Selepas Maghrib keluarga kami berkumpul lengkap, bahkan kakak ipar dan keponakanku turut hadir disini. Firasatku berkata lain aku bisa menjamin setelah ini bahasan mereka pasti menyudutkan ku perihal hafalan. Abi menyeruput teh hangat di hadapannya kemudian ia menyandarkan tubuhnya pada sofa lalu menatapku.
"Jadi begini, Elvira sekarang kelas berapa? Udah lulus ya?" ujar abi membuka percakapan kami.
"Iya... Elvira mau kuliah ya bii," aku memohon
"Dimana? UI, UGM, ITB?" inilah pertanyaan yang ku tunggu
"UI bagus kayaknya, boleh bii?" ujarku memohon lagi, semoga saja...
"Banyak lah mau mu vir, selesai in dulu Alfiyahmu sana" mas Wildan bersuara, dan ini lah yang paling aku hindari, seperti yang ku duga, satu ucapan mas Wildan akan menimbulkan percekcokkan dengan ku lebih dari 10 menit.
"Pokoknya Elvira mau kuliah" tukasku mantap
"Gini-gini, Elvira gak mau kan setoran muhafadzoh terus ke mas Wildan? Abi punya cara lain," ujar abi memberi solusi
"Boleh bii, kalo bisa Elvira kuliah yang jauh, gak usah ketemu mas Wildan lagi."
"Nikah yaa..." ungkap abi santai.
"HAAAAAAAAA..... nikah? Abi gak salah?" dan kali ini solusi abi menjauhkan ku dari mas Wildan cukup mebuatku resah. Yang benar saja aku di suruh menikah? Padahal aku sudah merencanakan mendaftar kampus yang sama dengan Aisyah, ah... kenapa kacau begini, jika saja mulut licin milik mas Wildan itu tidak berulah.
"Mau ya? Sama pria kemarin yang jemput Elvira di pesantren kemarin itu lhoo?" jelas abi.

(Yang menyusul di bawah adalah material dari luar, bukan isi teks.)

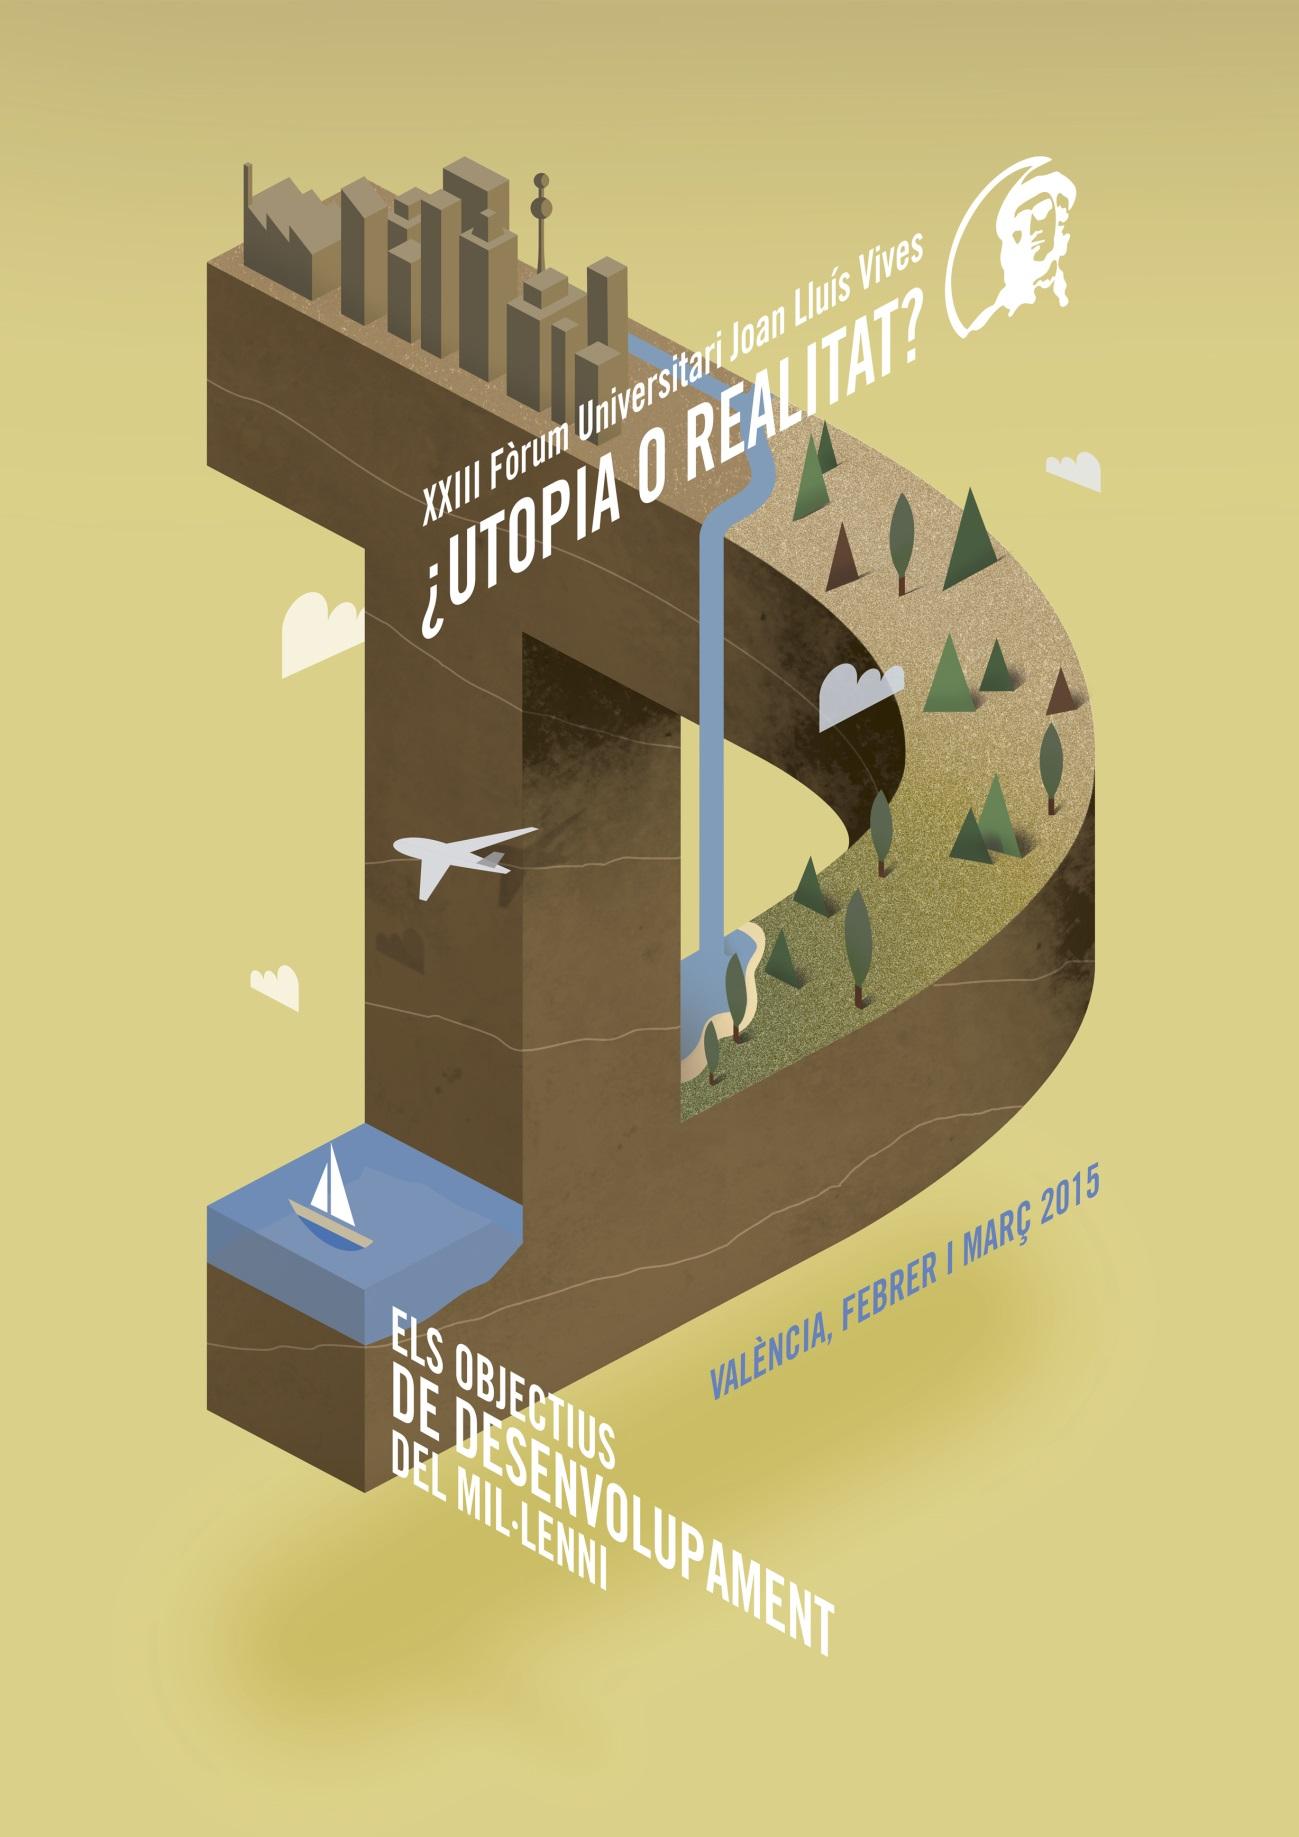 Cartel de presentación del XXIII Foro Universitario Juan Luís Vives: ¿Utopía o realidad? Los Objetivos de Desarrollo del Milenio.

Aku masih terdiam, ini pembahasan yang tidak sepele, ini juga melibatkan masa depanku, ini bukan jangka pendek.
"Kalau Elvira gak mau gimana?" tanyaku
"Ya seperti yang sudah-sudah saja Vir, kamu setoran hafalanmu ke mas Wildan" dia berulah lagi kan.
"Biii.... mas Wildan itu loohh nyebelin sekali" rengekku pada abi
"Sudah mas, suka sekali bikin kesel adiknya" bela abi, alasanku tidak suka setoran ke mas Wildan adalah, mula-mula ia memarahiku sebab tidak lancar atau kurang fasih, lalu ia mengejekku hingga aku merasa buruk. Sungguhlah ia amat menyebalkan
"Gimana? Vira mau pake cara abi?" tanya abi sekali lagi
"Kalo tetep gak mau gimana?" elakku, yang benar saja hanya demi menghindari setoran aku harus menikah
"Kalo Vira tetep gak mau, abi udah terlanjur menyetujui pernikahan kalian" jelas abi, skak mat sudah jika begini
"Issshhh abiiii, kalo gak sesuai ekspetasi gimana?" keluhku, sementara abi hanya tersenyum kemudian kembali meminum tehnya. Tak ada yang yang menyanggah perjodohanku, kurasa memang semua telah setuju dengan keputusan ini, toh abi gak mungkin jodohin aku sama lelaki yang buruk perangai dan akhlaknya kan.
***
"Iya Om... sebelum bulan puasa dimulai saya pastikan persyaratannya selesai,"
"......."
"Waalaikumsalam" panggilan berakhir, aku mulai menyiapkan semua persyaratan yang aku butuhkan untuk menikah. Ah iya tiket pesawat, bagaimana mungkin aku tak mengajak calon istriku menghadap atasan. Aku kembali meraih ponselku dan segera memesan tiket pesawat via online.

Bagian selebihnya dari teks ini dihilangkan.